そしてすぐに追いかけたアパドはティチーナ川沿いにあった、小さな教会の裏で親子を発見しました。2人は教会にも入れてもらえず、裏でひっそりと、ただひたすらに祈っていたそうです。アパドも本当に心を痛めていて、祈りが終わるのを離れて待ったそうです。隔離施設は飽和状態であったため、患者以外は入れませんでしたが、何とかカルロさんも一緒に入れてあげられないものかと考えながら…ですが悲劇が起こりました。カルロがアパドに気づき、サーラを抱いて川へと走り出しました。そして、増水したティチーナ川を目の前にしてこう言い放ったそうです。
 『聖ロクスが許さない。お前を許さない。お前の子が医師になることも許されない。』
そしてサーラと共に荒れるティチーナ川に消えていきました。
 ベルティノッティ親子はとうとう発見されず、アパドはその日の出来事をきっかけに、医師を辞めました。そして生涯忘れることが出来ず、自分の子孫にも語り継がせようとしたんです。これが私の知る全てです。」

僕は圧倒され、言葉が出なかった。少しの沈黙のあと中谷さんが続けた。

 「………報いだなんて…そんなもの迷信です…」

そんな馬鹿な話があるか…昨日までならそう言えたはずだが…今は違った。
中谷さんは、また生気のない声で言った。

 「…もう、いいでしょう?結衣はもう死んだの…ただ溺れて死んだんです…」

そして、唐突に電話は切れた。僕はしばらくの間、ただただ虚しさを感じていた。

 ――――――あの黒い霧の少女はサーラ。

だが、結衣に起きてしまったことはもう変えようがない。中谷さんの言うとおり、それが事実だ…けれど結衣の存在が、ただ無意味に消えてしまったなんて、思いたくない。

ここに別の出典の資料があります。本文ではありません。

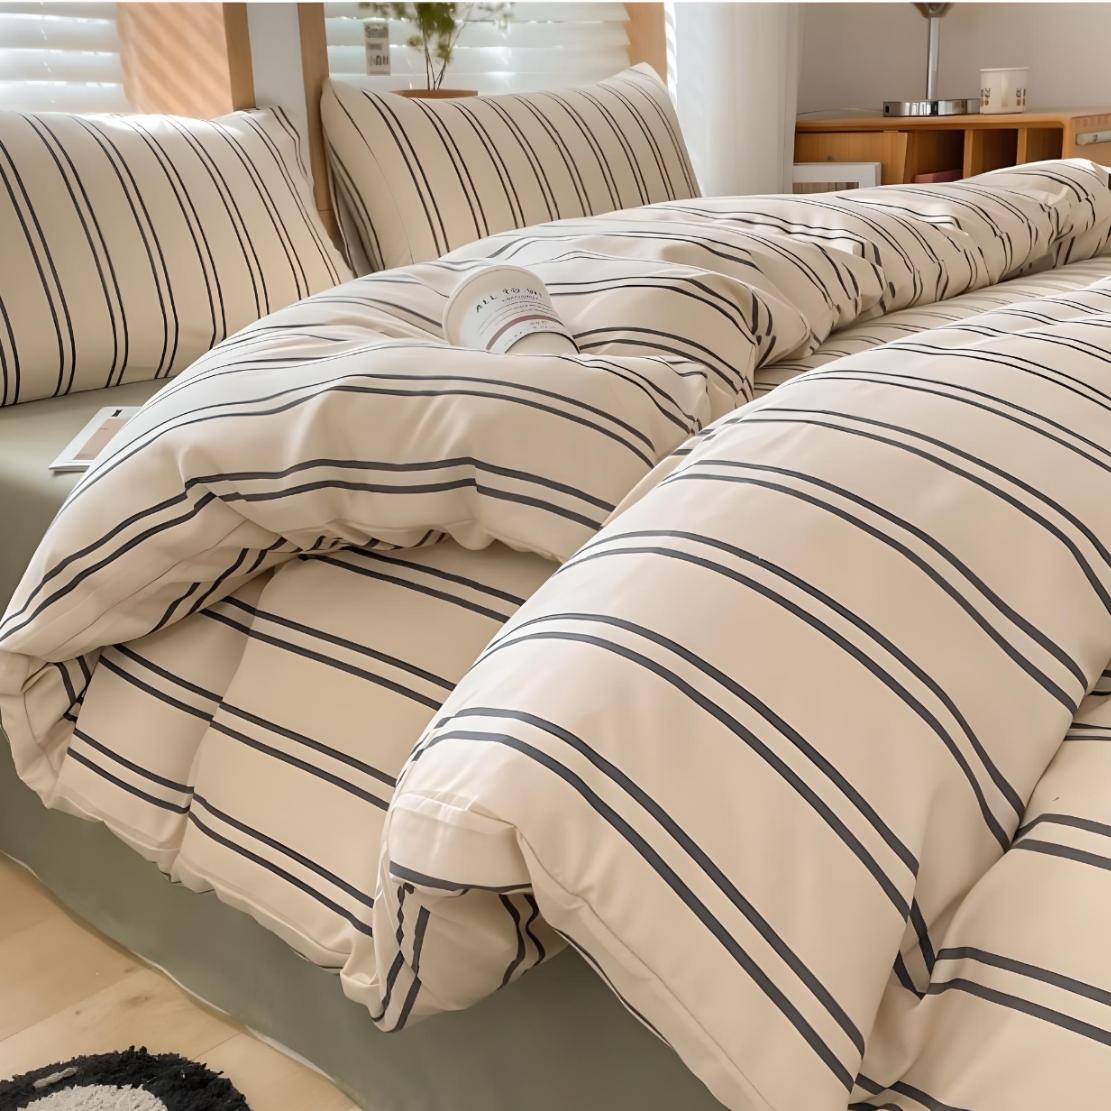 Green & white nordic stripe bedding set

 スーパー入口横の電気殺虫器が、時折バチッっと音を鳴らしている。今一瞬の煌めきと共に消えた虫には魂や思念があったのだろうか。それから、人間にも。だとしたら人間はなんと身勝手なことか…中国の大昔の思想家、荘子は夢から目が覚めて思ったそうだ。『今私は蝶になった夢を見ていた。それとも私は人間になった夢を見ている蝶なのだろうか。』今僕が見ている光景も、体験も、現実とは限らない。あの夢のように世界はあやふやで、僕にとっての世界はただ目を瞑り、呼吸を止め、耳を塞げば消えてなくなる。不確定性原理と似たようなもんだ。では確かなものは何がある?魂とでもいうのか?
魂といえば、ユングの心理学における集合的無意識の概念を想起させる。ユングは分析心理学者で、深層心理を探るうちに、人間はみな元型と呼ばれる、統一された深層心理を持つことに気が付いた。我々の意識はそれを認識することはできないが、魂の中心に作用し、意識や自我に影響を与えているというのだ。つまりは人類の魂は深いところで繋がっている、あるいは同じ場所から生まれたとも解釈できる。
それはプラトンのイデア界の概念にも繋がる…。魂の故郷である時間を超越したイデア界…。この世界が、イデア界のように全てが畳み込まれた、より大きな存在の影であるとしたら…肉体が死して魂が還り、時間を超越して新たに現実に影を落としても何ら不思議はない。魂や意識に関する大昔の哲学者の考えは間違っていなかったのかもしれない。
 (そうだったらいいのにな)
そう思いながら立ち上がり、今の荒唐無稽な思考を頭から追い出した。そして原付のハンドルを握りしめ、現実の感覚を確かめた。




8月17日 19:40




 あの楽園の様なスーパーのおかげで、原付にのっても怪我をしないで済む状態に戻れた僕は、寮へと向かった。楽園に比べたらなにか罰を受けているかのように蒸し暑い寮に戻るのは、気が進まなかったが仕方がない。ライトに照らされては後方に消えていく、虫達の間をすり抜けて原付を飛ばした。真っ暗な田舎道を抜け、ちらほら街灯が見え始めたキャンパス横の道を通り抜けると、いつもの古めかしい寮だ。風呂もトイレも水道も共同。6畳1間。だが電気水道込みで2万なら文句は言えない。ここで何年も過ごせれば、僕はもう大体の場所で生きていけると思う。
 部屋に入ると予想通りの暑さだった。とにかく窓をあけ、扇風機を回した。そして、僕が持っている数少ない近代的アイテムであるPCの電源を入れた。調べたいことがある。
 (聖ロクス…)
 
 僕は宗教にはあまり詳しくない。カトリックが、プロテスタントやギリシャ正教と同じようにキリスト教の一派であることくらいは知っているが…。日本人は殆ど無宗教と言えるがそれは幸せなことかも知れない。そもそも様々な宗教がなぜ必要だったか、何者にも抗えない神達が世界中でなぜ求められたか…それを考えればわかる。戦争や虐殺、飢餓、愛する者の死、そんな苦しみの中、生きなければならなかった人々にとって、最後の拠り所だったのだろう。
 そんなことを考えている内に、PCが起動した。さっそくブラウザを立ち上げて、検索窓に聖ロクスと打ち込んでエンターキーを押した。簡単にヒットした。
 (そんなに有名な聖人だったのか)
僕はそのページに飛んだ。
 (なるほど、そういうことか…)
聖ロクスはカトリックの有名な聖人で、ペストに対する守護聖人だった。中谷さんやカルロが聖ロクスと口にしたのは、古くからヨーロッパで信仰されていたからであった。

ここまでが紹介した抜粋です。